Covering theorems and Lebesgue integration

This paper shows how the Lebesgue integral can be obtained as a Riemann sum and provides an extension of the Morse Covering Theorem to open sets. Let $X$ be a finite dimensional normed space; let $\mu$ be a Radon measure on $X$ and let $\Omega\subseteq X$ be a $\mu$-measurable set. For $\lambda\geq1$, a $\mu $-measurable set $S_{\lambda}(a)\subseteq X$ is a $\lambda$-Morse set with tag $a\in S_{\lambda}(a)$ if there is $r>0$ such that $B(a,r)\subseteq S_{\lambda }(a)\subseteq B(a,\lambda r)$ and $S_{\lambda}(a)$ is starlike with respect to all points in the closed ball $B(a,r)$. Given a gauge $\delta:\Omega \to(0,1]$ we say $S_{\lambda}(a)$ is $\delta$-fine if $B(a,\lambda r)\subseteq B(a,\delta(a))$. If $f\geq0$ is a $\mu$-measurable function on $\Omega$ then $\int_{\Omega}f d\mu=F\in\mathbb{R}$ if and only if for some $\lambda\geq1$ and all $\epsilon>0$ there is a gauge function $\delta$ so that $|\sum_{n}f(x_{n}) \mu(S(x_{n}))-F|<\epsilon$ for all sequences of disjoint $\lambda$-Morse sets that are $\delta$-fine and cover all but a $\mu $-null subset of $\Omega$. This procedure can be applied separately to the positive and negative parts of a real-valued function on $\Omega$. The covering condition $\mu(\Omega\setminus\cup_{n}S(x_{n}))=0$ can be satisfied due to the Morse Covering Theorem.

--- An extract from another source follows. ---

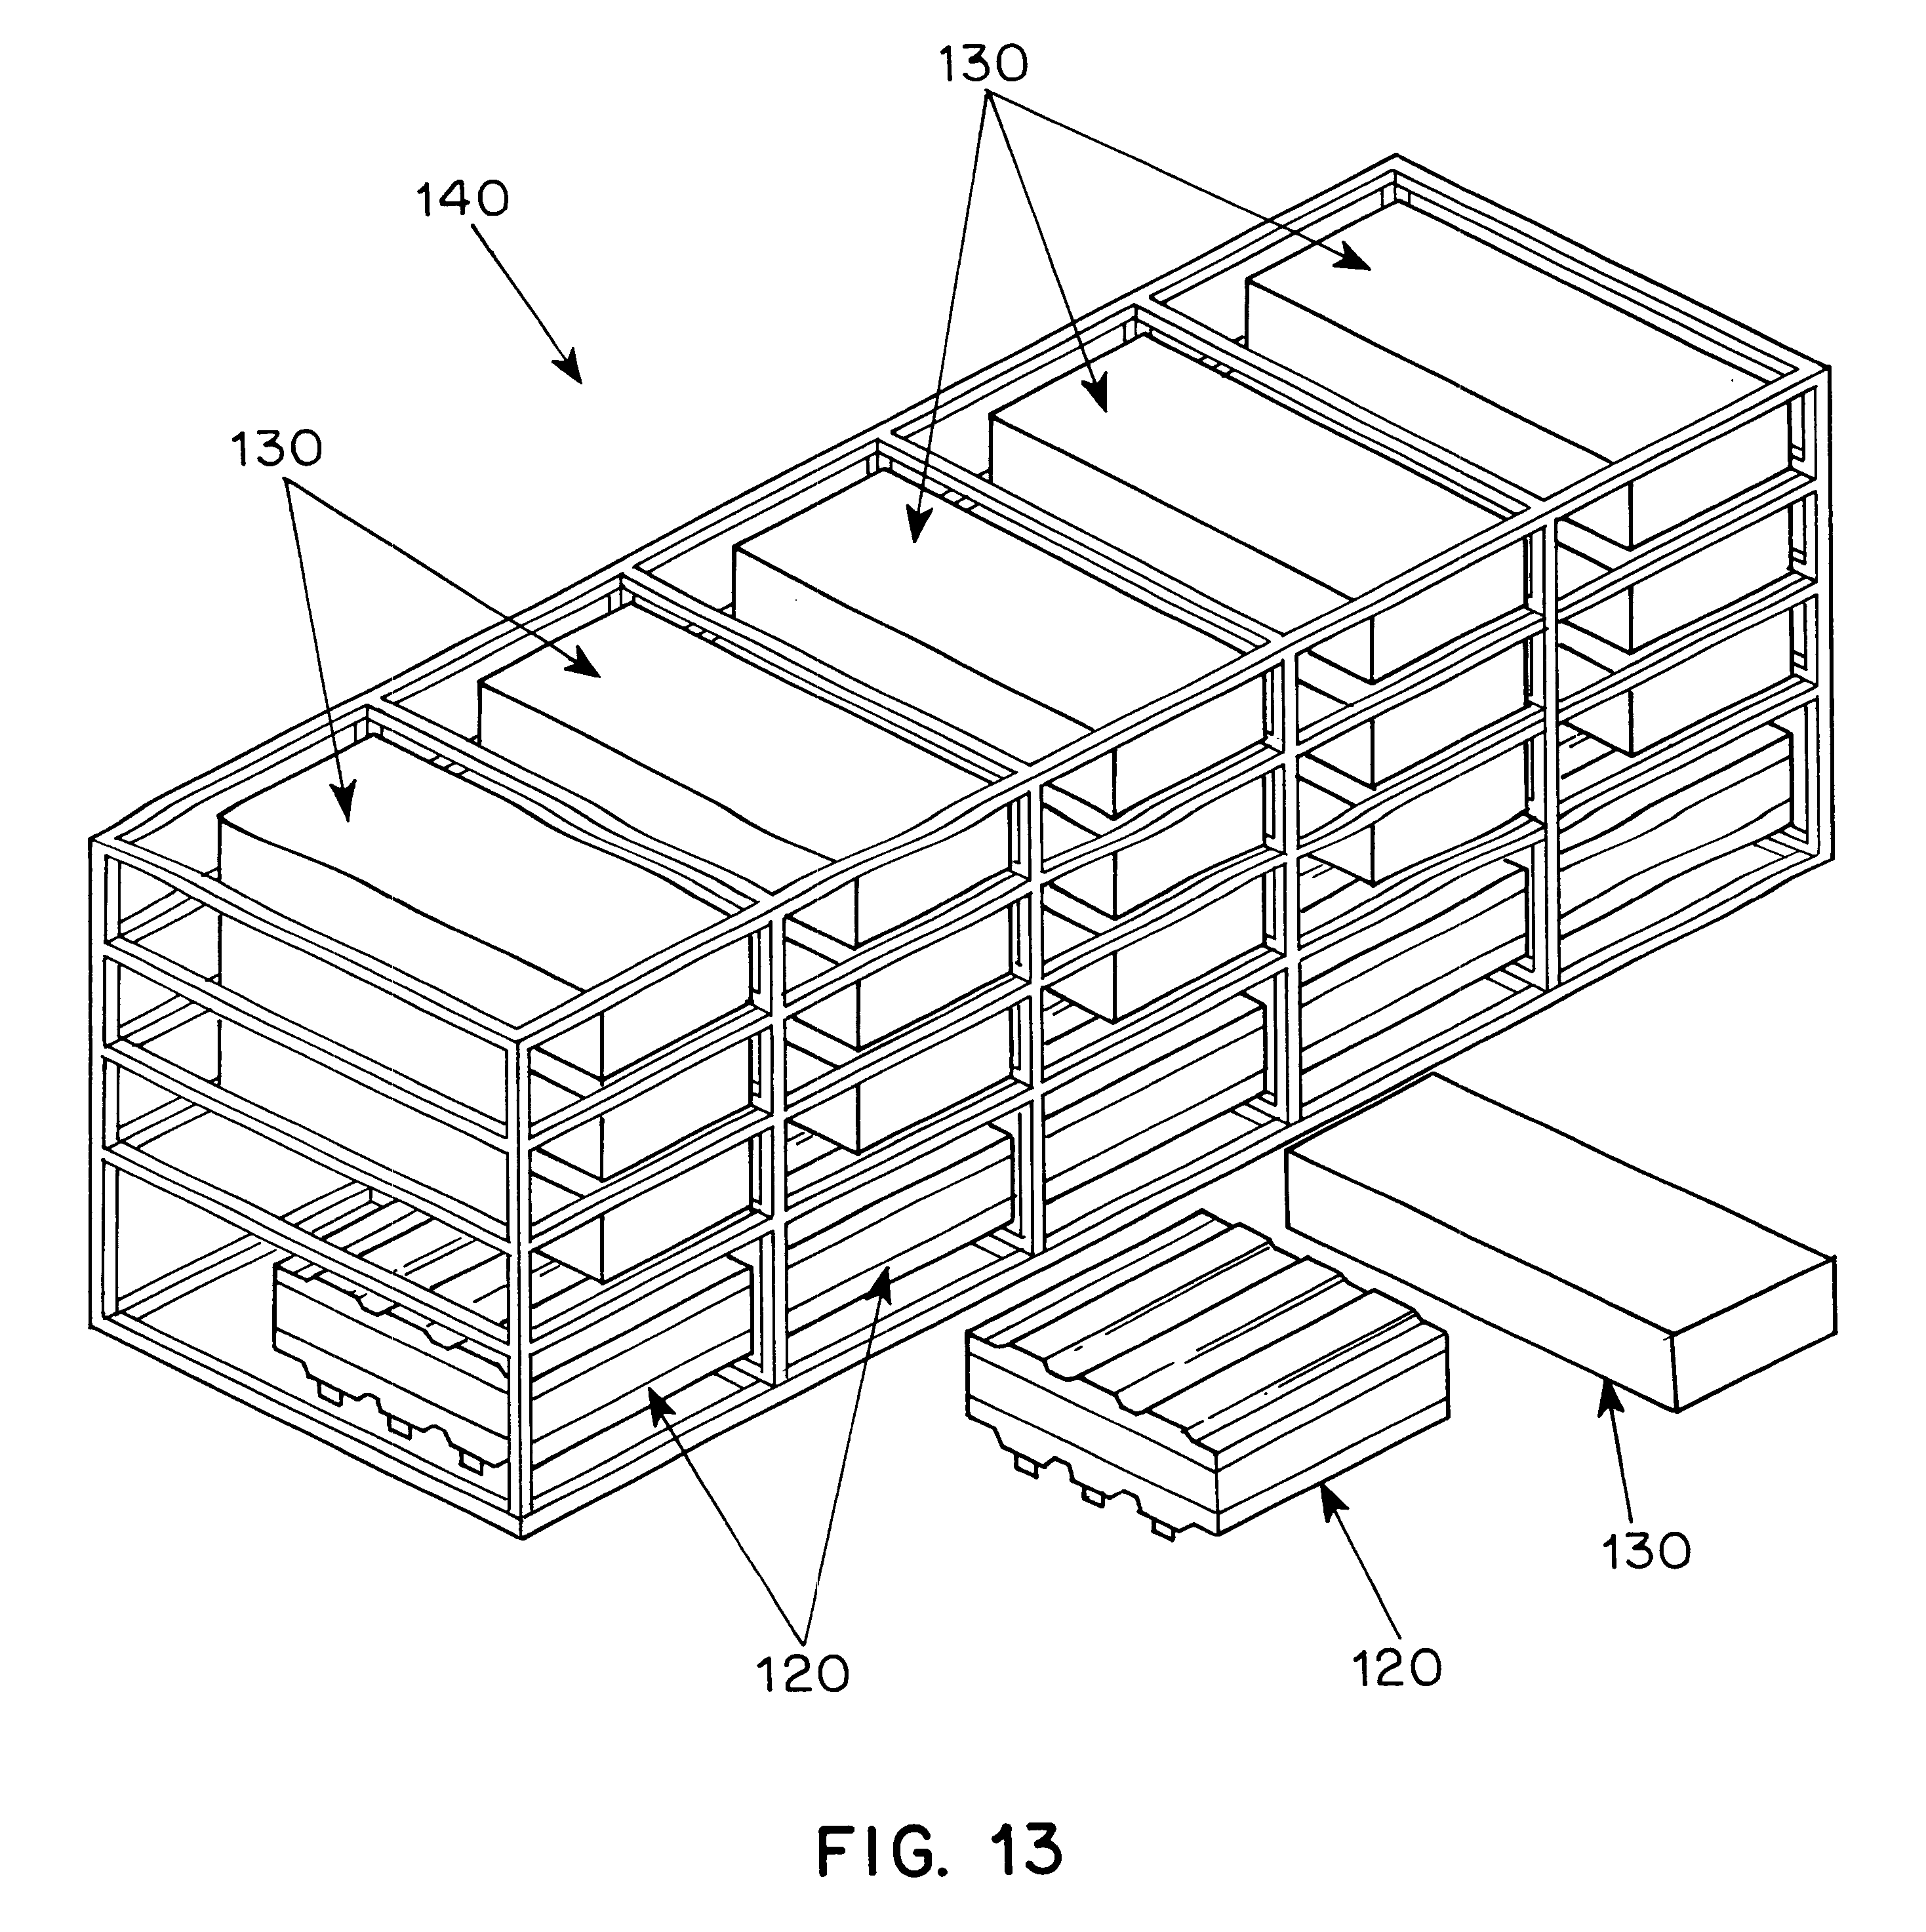 patente us6340851

The improved version given here says that for a fixed $\lambda\geq1$, if $A$ is the set of centers of a family of $\lambda$-Morse sets then $A$ can be covered with the interiors of sets from at most $\kappa$ pairwise disjoint subfamilies of the original family; an estimate for $\kappa$ is given in terms of $\lambda$, $X$ and its norm.